For each \(j \in J\), \(s^j \in \cup_{l_j \in L_j} S_{j, l_j}\), so, \(s^j \in S_{j, l_j}\) for an \(l_j \in L_j\).
There is an \(f \in \times_{j \in J} L_j\) such that \(f (j) = l_j\) for each \(j \in J\).
\(s \in \times_{j \in J} S_{j, f (j)}\).
So, \(s \in \cup_{f \in \times_{j \in J} L_j} \times_{j \in J} S_{j, f (j)}\).
So, \(\times_{j \in J} \cup_{l_j \in L_j} S_{j, l_j} \subseteq \cup_{f \in \times_{j \in J} L_j} \times_{j \in J} S_{j, f (j)}\).
Step 2:
Let \(s \in \cup_{f \in \times_{j \in J} L_j} \times_{j \in J} S_{j, f (j)}\) be any.
\(s \in \times_{j \in J} S_{j, f (j)}\) for an \(f \in \times_{j \in J} L_j\).
For each \(j \in J\), \(s^j \in S_{j, f (j)}\).
As \(f (j) \in L_j\), \(s^j \in \cup_{l_j \in L_j} S_{j, l_j}\).
So, \(s \in \times_{j \in J} \cup_{l_j \in L_j} S_{j, l_j}\).
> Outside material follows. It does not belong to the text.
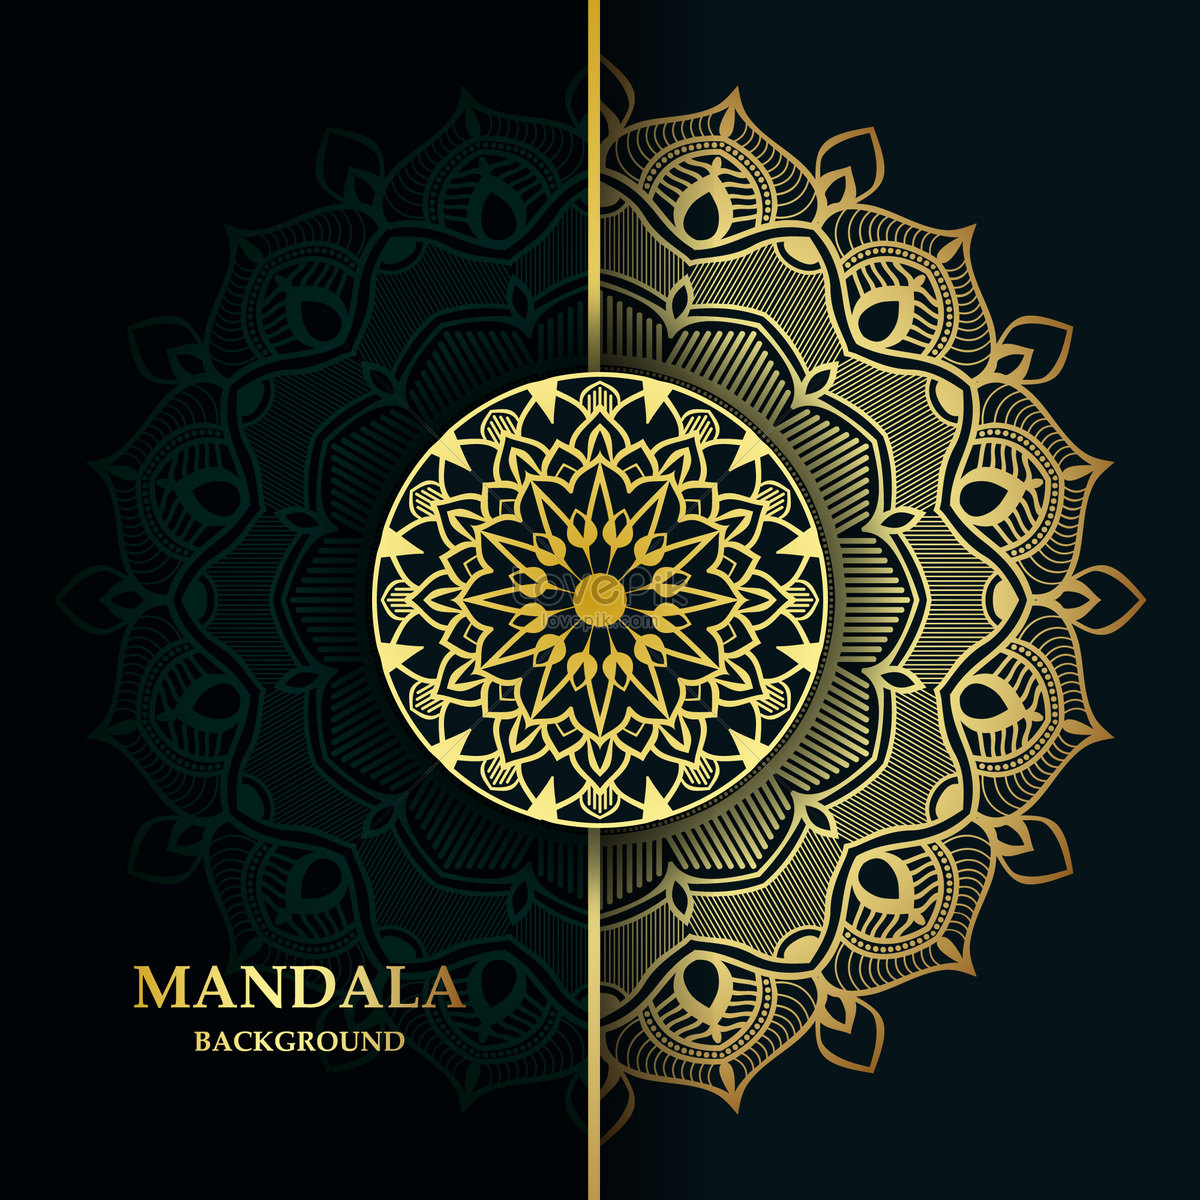 Thiết kế hình nền chuyên nghiệp Mandala là sự lựa chọn hoàn hảo cho những người yêu thích sự độc đáo và phong cách. Hình ảnh tinh tế, đặc biệt và được tạo nên từ những nét vẽ tinh xảo chắc chắn sẽ khiến bạn say mê. Hãy để hình nền chuyên nghiệp Mandala tạo nét đặc sắc cho bản thiết kế của bạn!

So, \(\cup_{f \in \times_{j \in J} L_j} \times_{j \in J} S_{j, f (j)} \subseteq \times_{j \in J} \cup_{l_j \in L_j} S_{j, l_j}\).
Step 3:
So, \(\times_{j \in J} \cup_{l_j \in L_j} S_{j, l_j} = \cup_{f \in \times_{j \in J} L_j} \times_{j \in J} S_{j, f (j)}\).